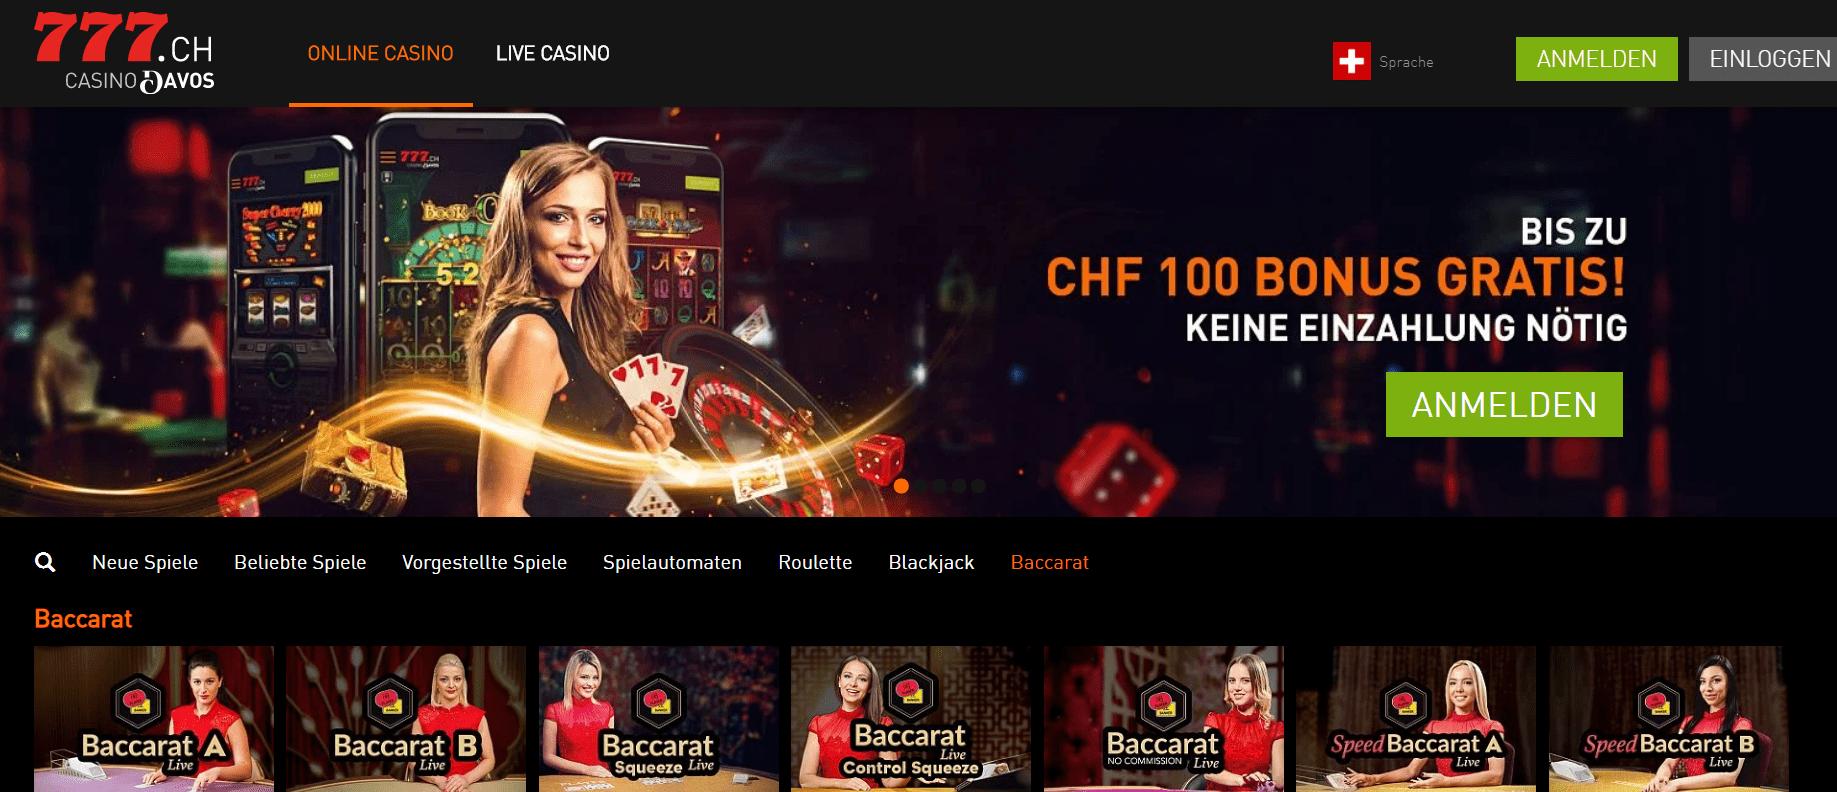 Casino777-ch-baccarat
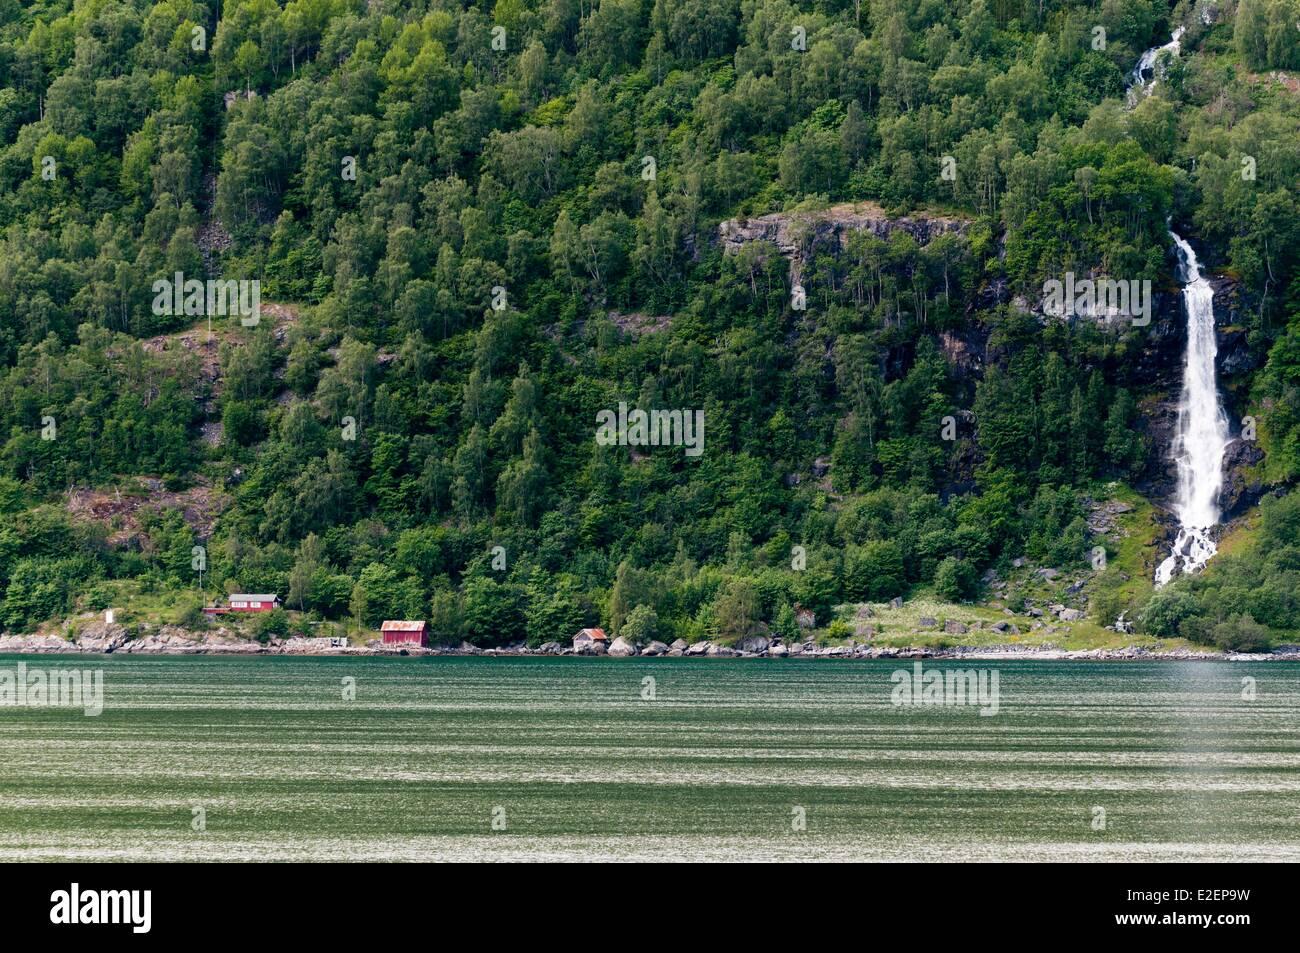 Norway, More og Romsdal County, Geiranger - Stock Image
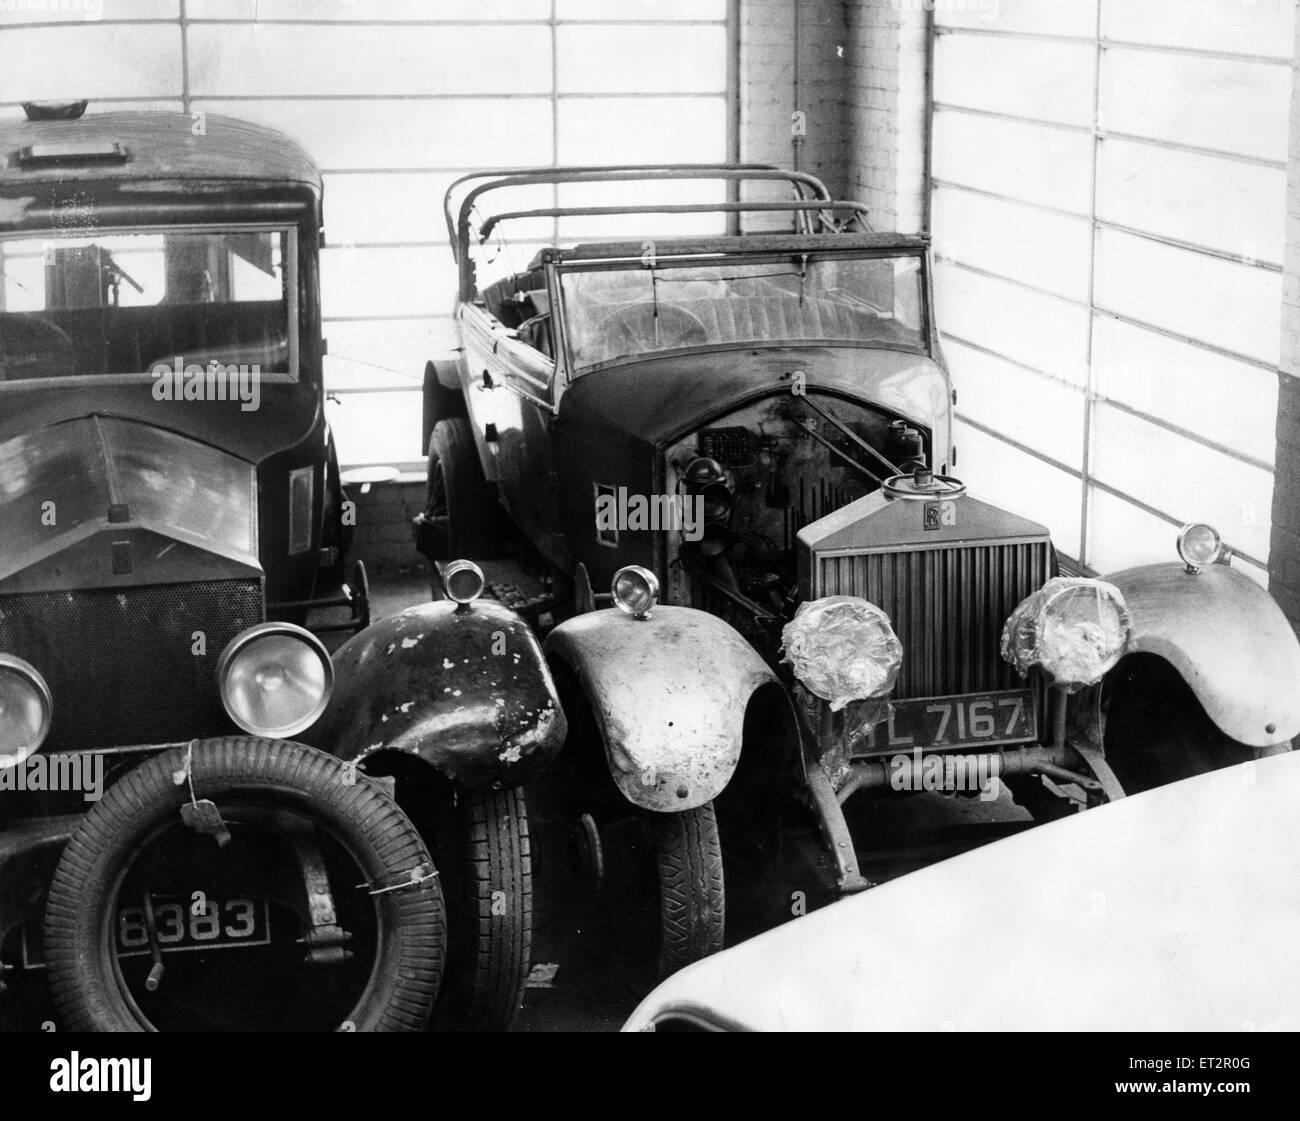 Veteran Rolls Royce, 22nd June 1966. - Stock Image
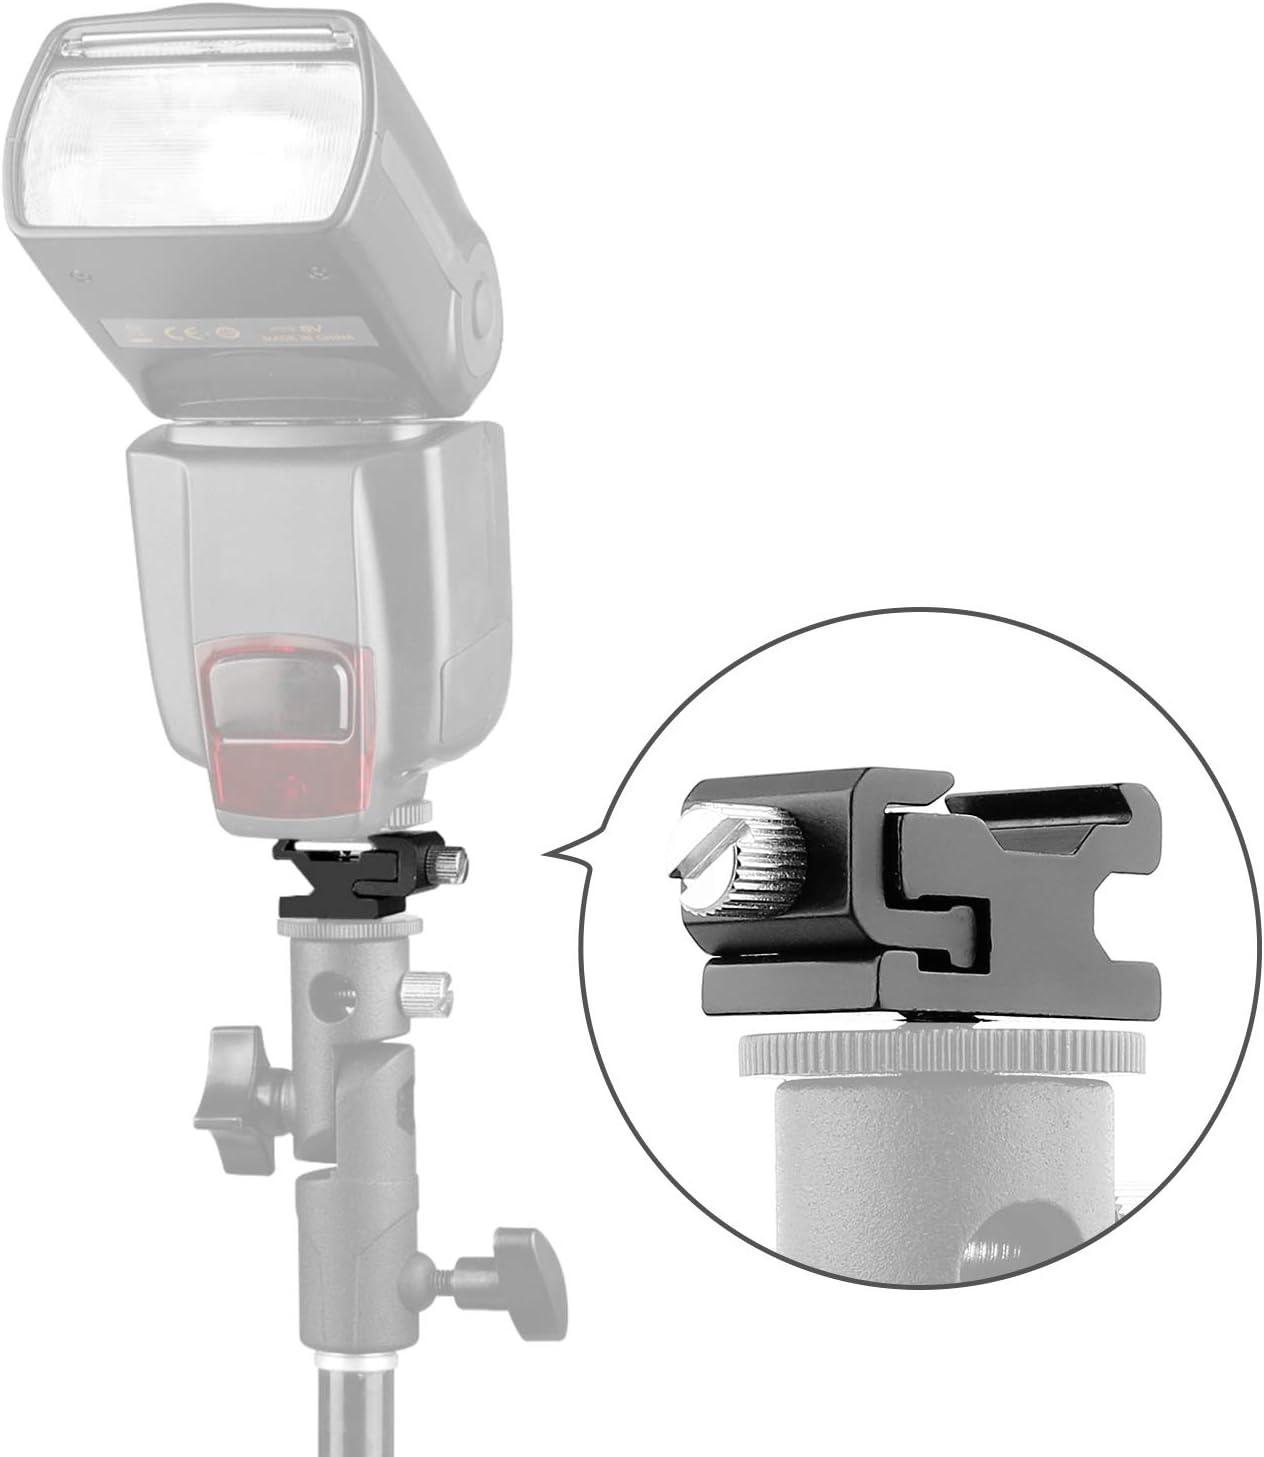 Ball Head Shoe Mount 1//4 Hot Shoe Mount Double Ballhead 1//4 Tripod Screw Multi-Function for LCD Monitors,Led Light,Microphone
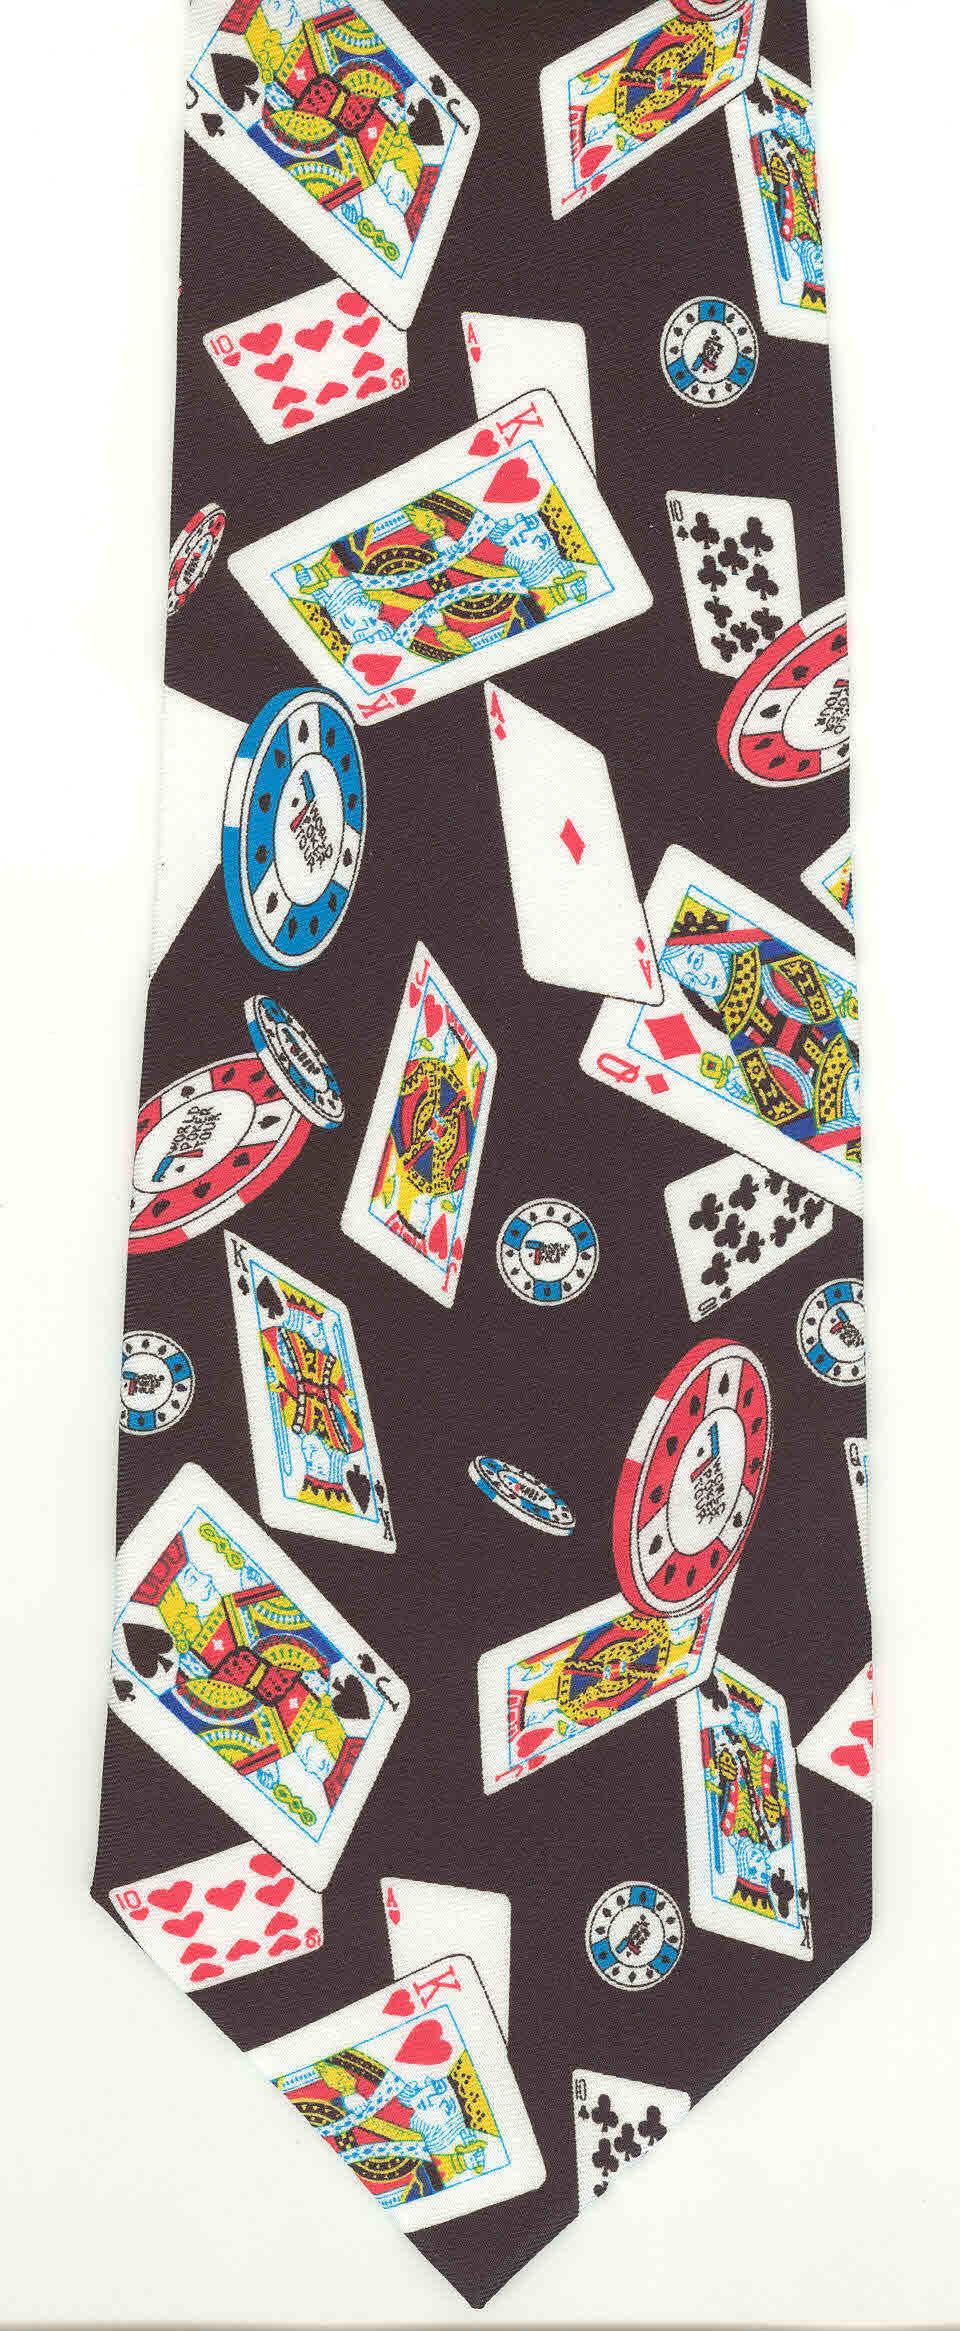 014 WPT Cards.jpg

-------

→ **Exercise**
Keeping pictures out, repeat exactly the lines from the one containing "Ball Head Shoe" through the end of the listing.

→ **Solution for this task**
 Ball Head Shoe Mount 1//4 Hot Shoe Mount Double Ballhead 1//4 Tripod Screw Multi-Function for LCD Monitors,Led Light,Microphone
 014 WPT Cards.jpg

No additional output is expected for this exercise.